(WORK REQUIRED):
Exact copy, no pictures: return all the data below as written.

(DATA PROVIDED):
━━━

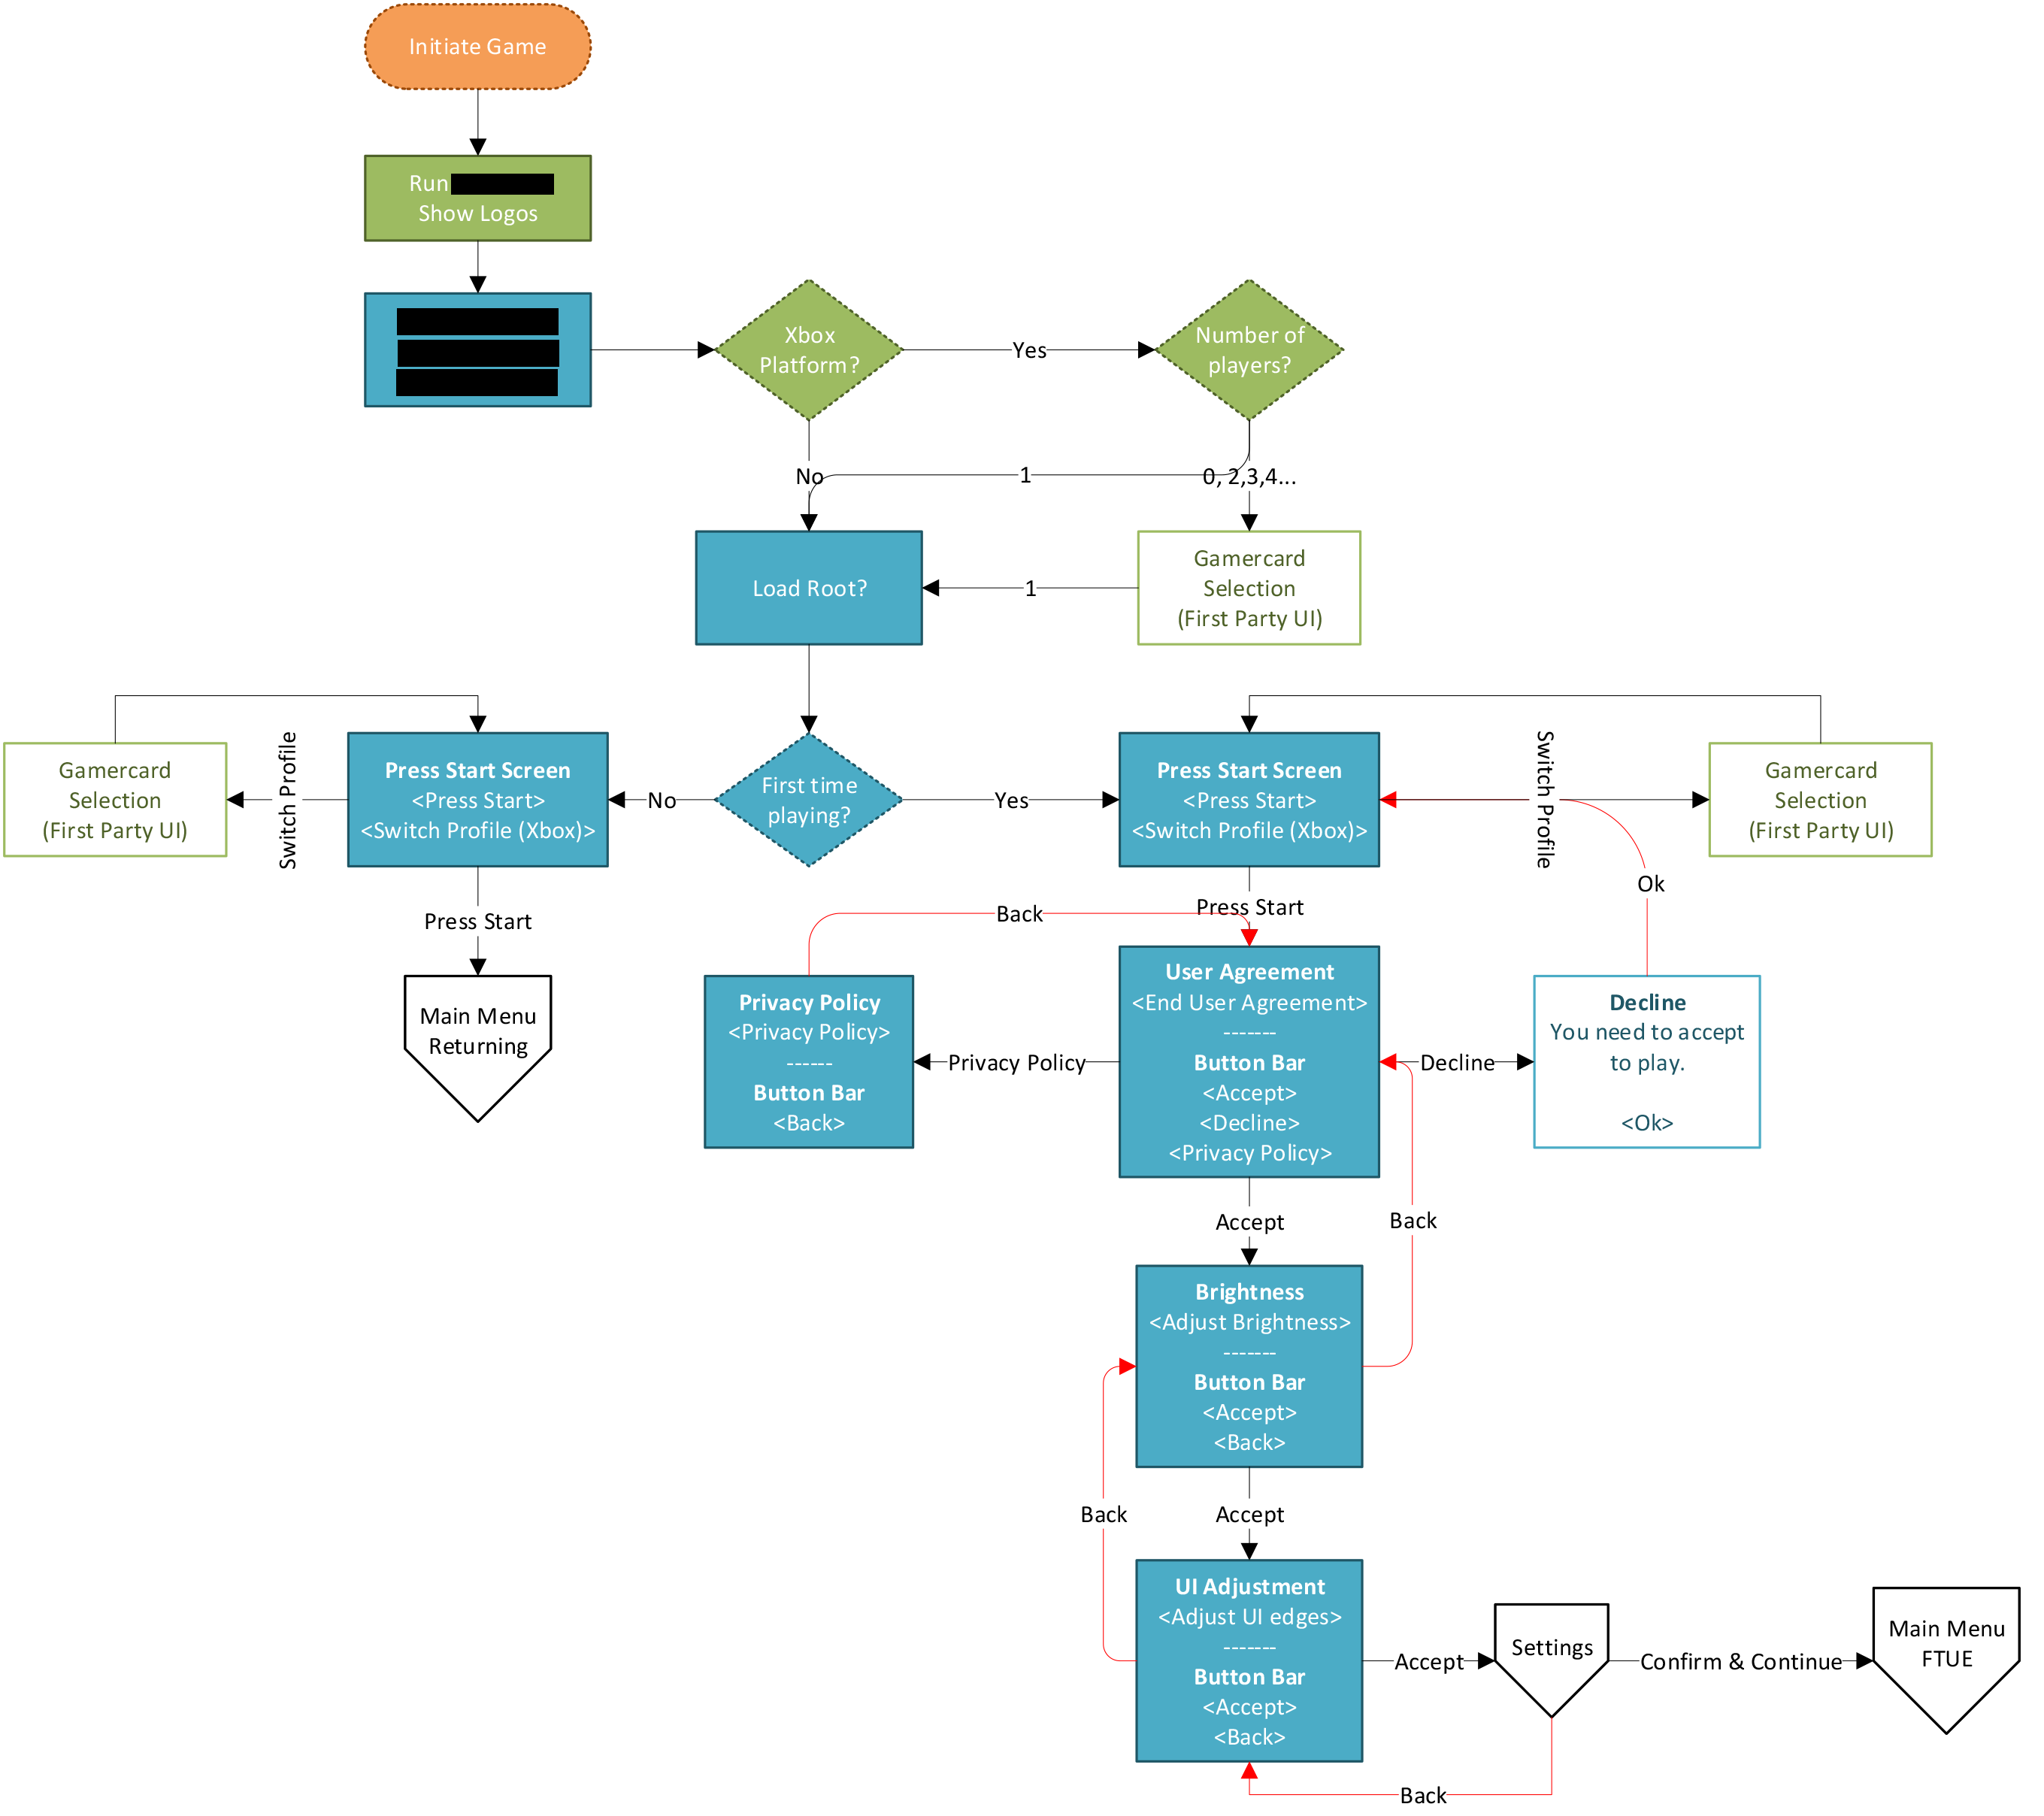 A flowchart showing the start up flow for a typical console game.
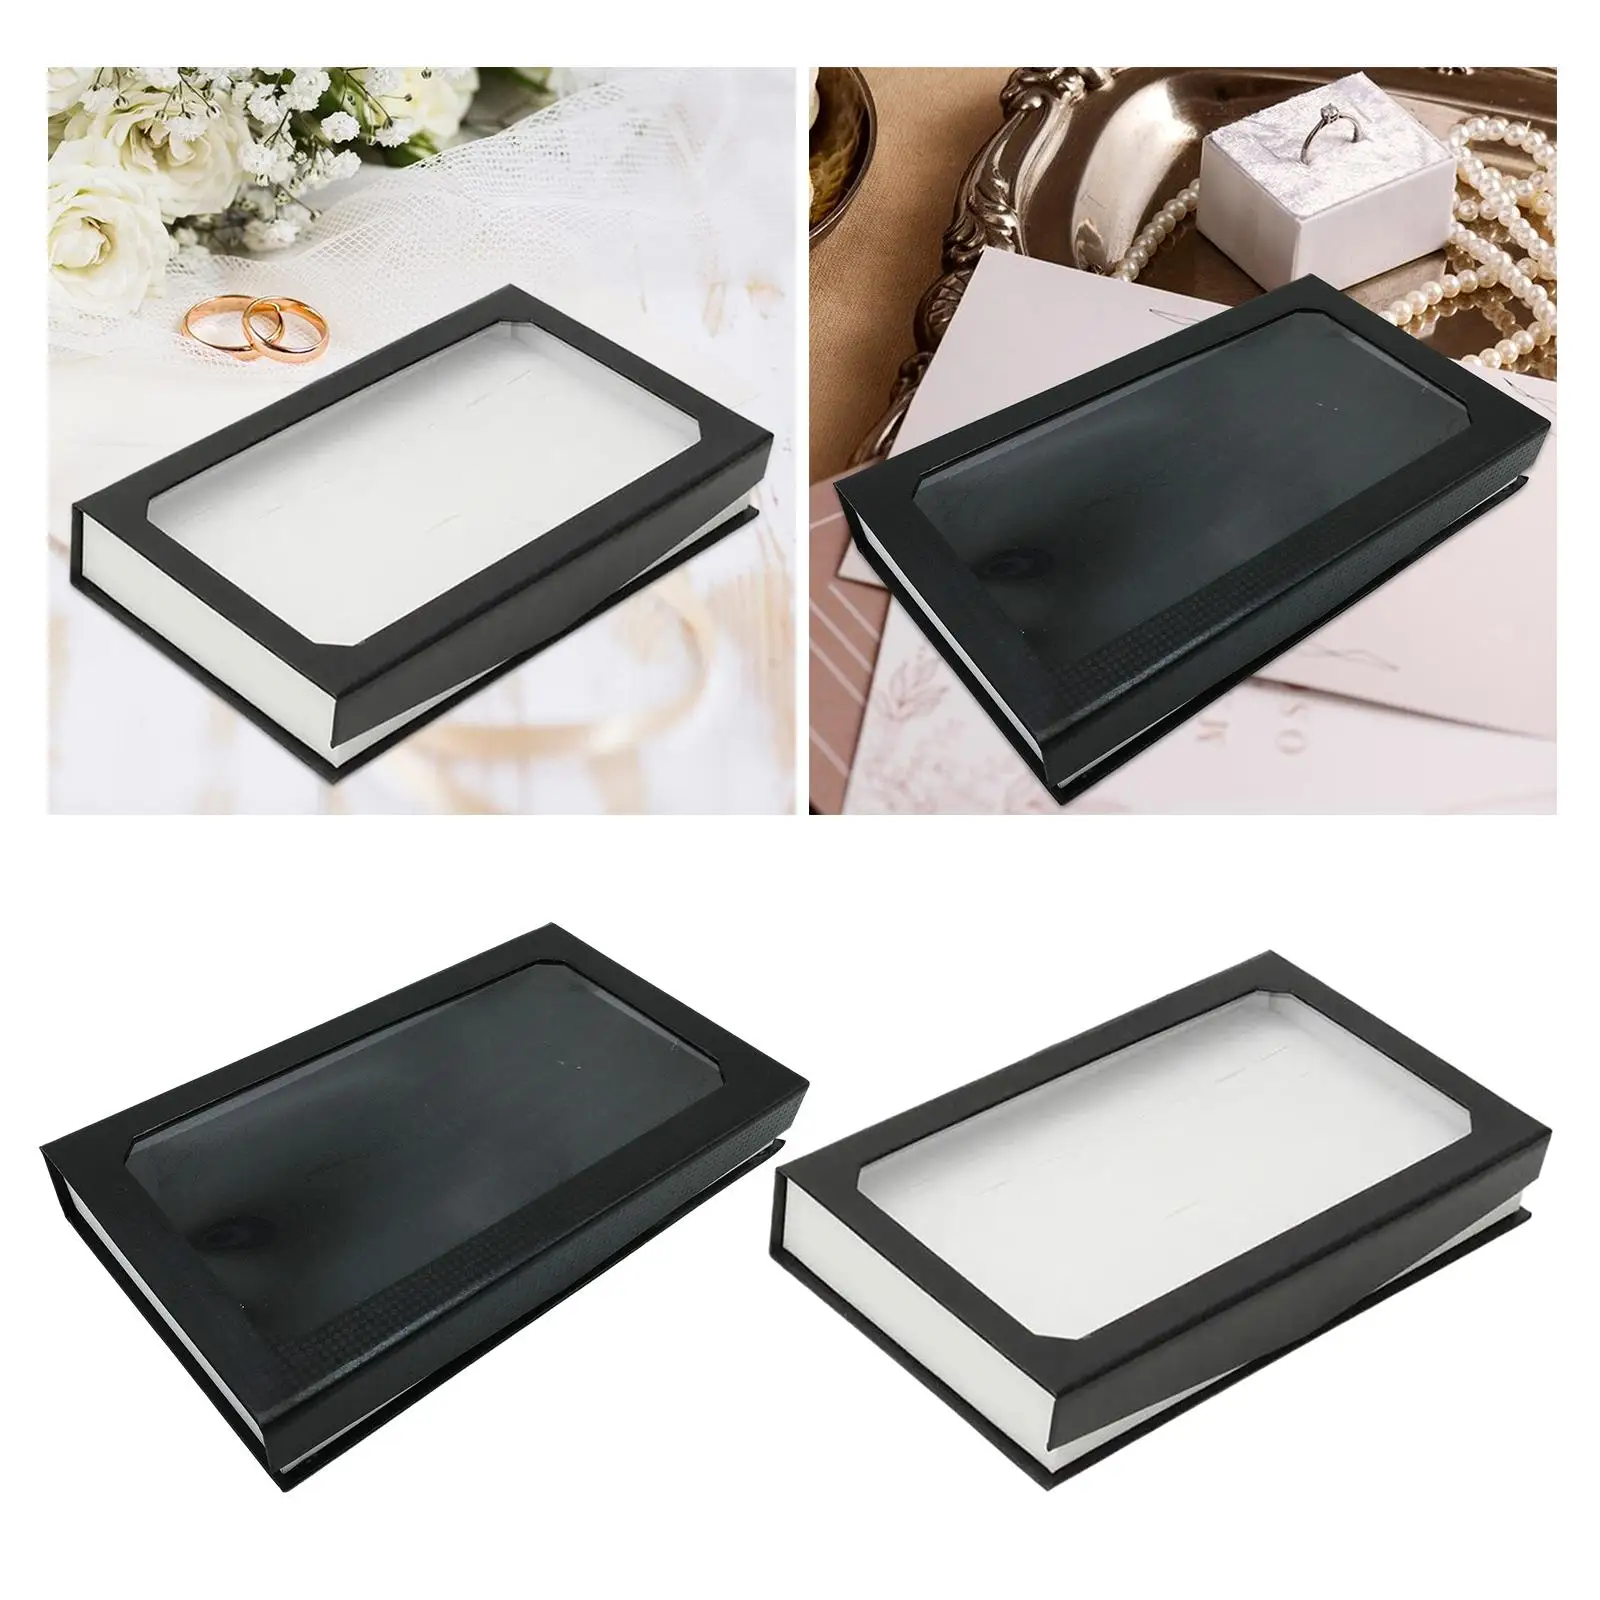 Rings Display Tray Dresser 72 Hole Store Display Portable Shop Jewelry Show Earring Holder Storage Box for Rings Studs Earrings
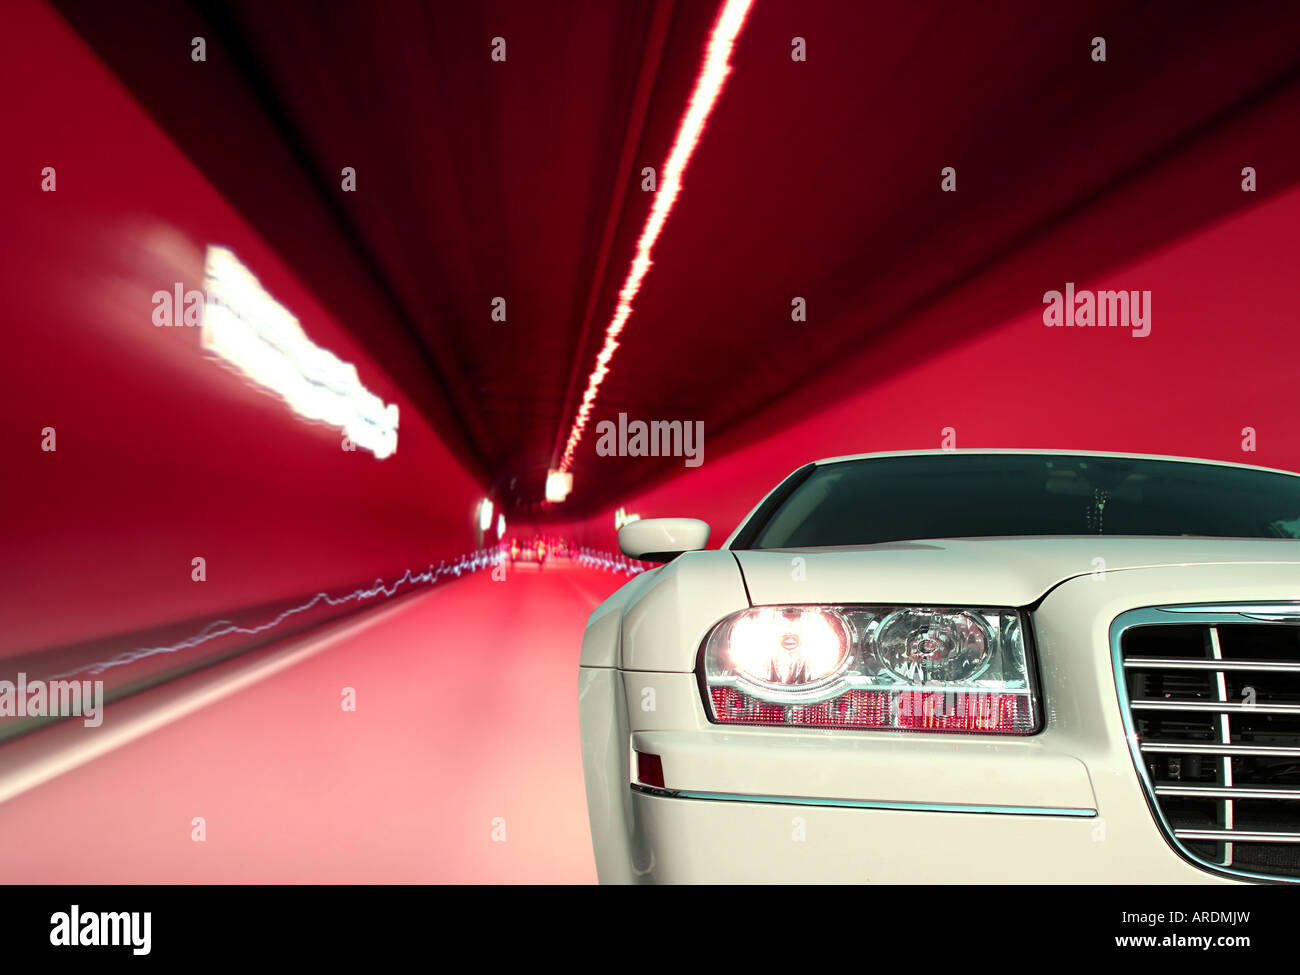 Close-up image of a luxury car in a tunnel Stock Photo

━━━

(YOUR SOLUTION):
 A flowchart showing the start up flow for a typical console game.
 Rings Display Tray Dresser 72 Hole Store Display Portable Shop Jewelry Show Earring Holder Storage Box for Rings Studs Earrings
 Close-up image of a luxury car in a tunnel Stock Photo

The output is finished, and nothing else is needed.